C H A P T E R T H I R T E E N
Gender Bender
The Rate of Living and the Need for Sexes
The distinguished Johns Hopkins University biologist
Raymond Pearl cast a long shadow over biology from the early years of the twentieth century. An unusually tall, overbearingly arrogant and brilliant man, Pearl dominated his peers, publishing over 700
academic papers and 17 books, to say nothing of newspaper articles.

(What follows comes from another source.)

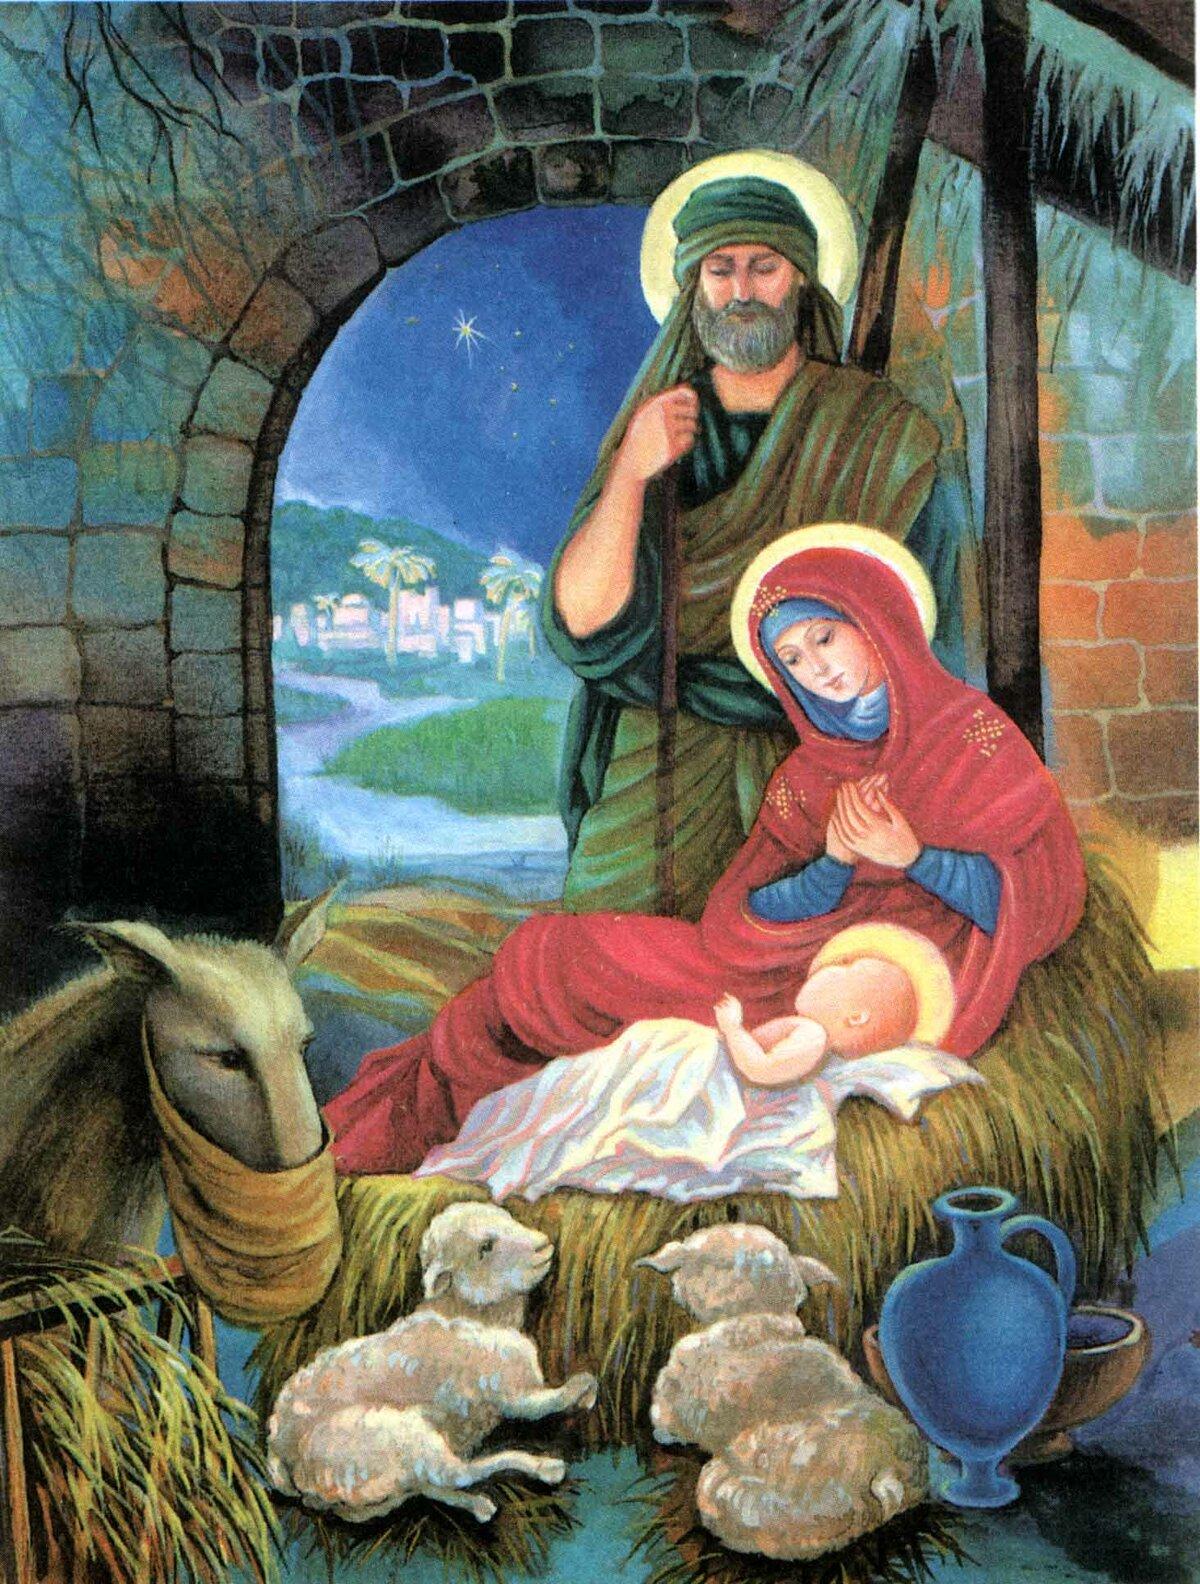 спрямовані насильницьку рождественские картинки с младенцем написать
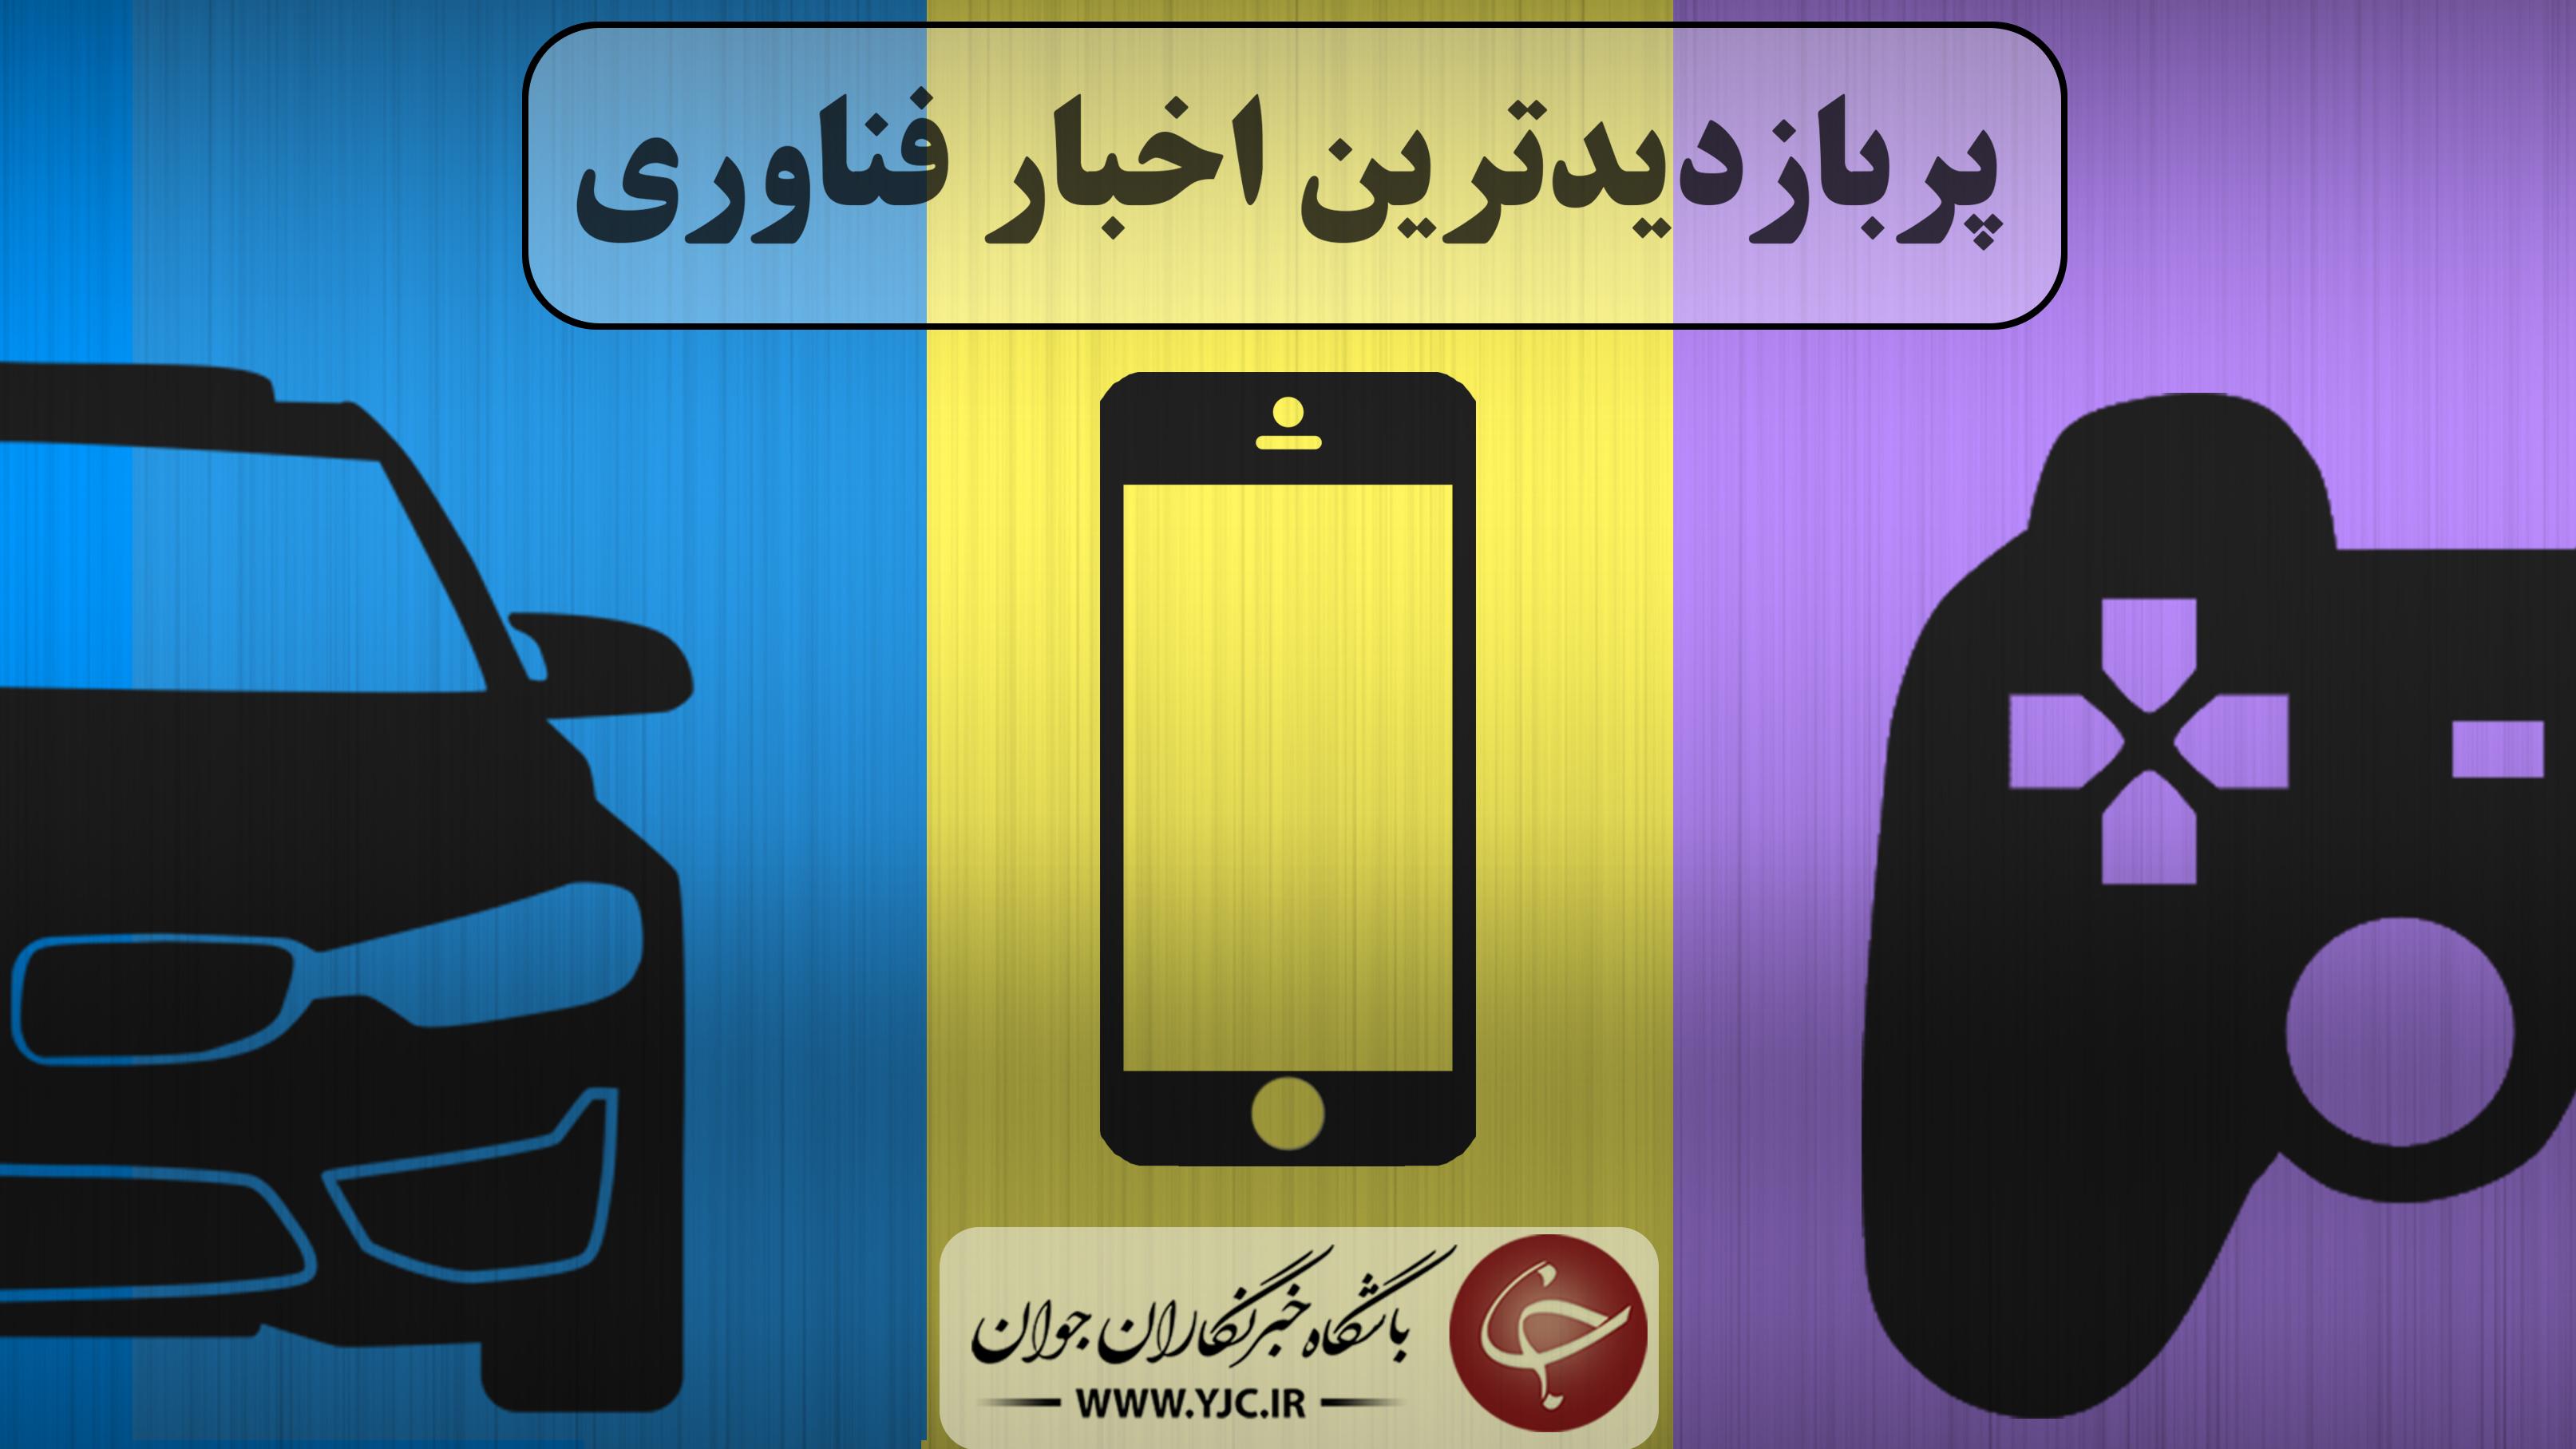 راههایی ساده برای داشتن سفری ایمن با تاکسیهای اینترنتی؛ قیمت روز گوشی موبایل در ۸ خرداد؛ جذابترین تصاویر پس زمینه (۸ خرداد)

Although one of the founding fathers of biometry (the application of statistics to biology and medicine), he is now chiefly remembered for the theory of ageing that he named the ‘rate-of-living’ theory in a book published in 1928. The observations underpinning his ideas related to the effect of temperature on the fruit fly Drosophila. The higher the temperature, the shorter the flies’ lifetimes. The relationship between temperature and lifespan was similar to that between temperature and the rate of a chemical reaction, implying that the biochemical reactions sustaining life speed up at higher temperatures. Raising the temperature from 18°C to 23°C halved the lifespan of Drosophila, but doubled their metabolic rate, so that they consumed twice as much oxygen in an hour. Pearl also noted that the short lifespan of a mutant strain of Drosophila, the shaker mutant (which moves relentlessly), was related to its high metabolic rate. His conclusion was intuitively appealing: live fast, die young. He encapsulated his ideas in an article in 1927 for the Baltimore Sun, headlined “Why Lazy People Live the Longest”.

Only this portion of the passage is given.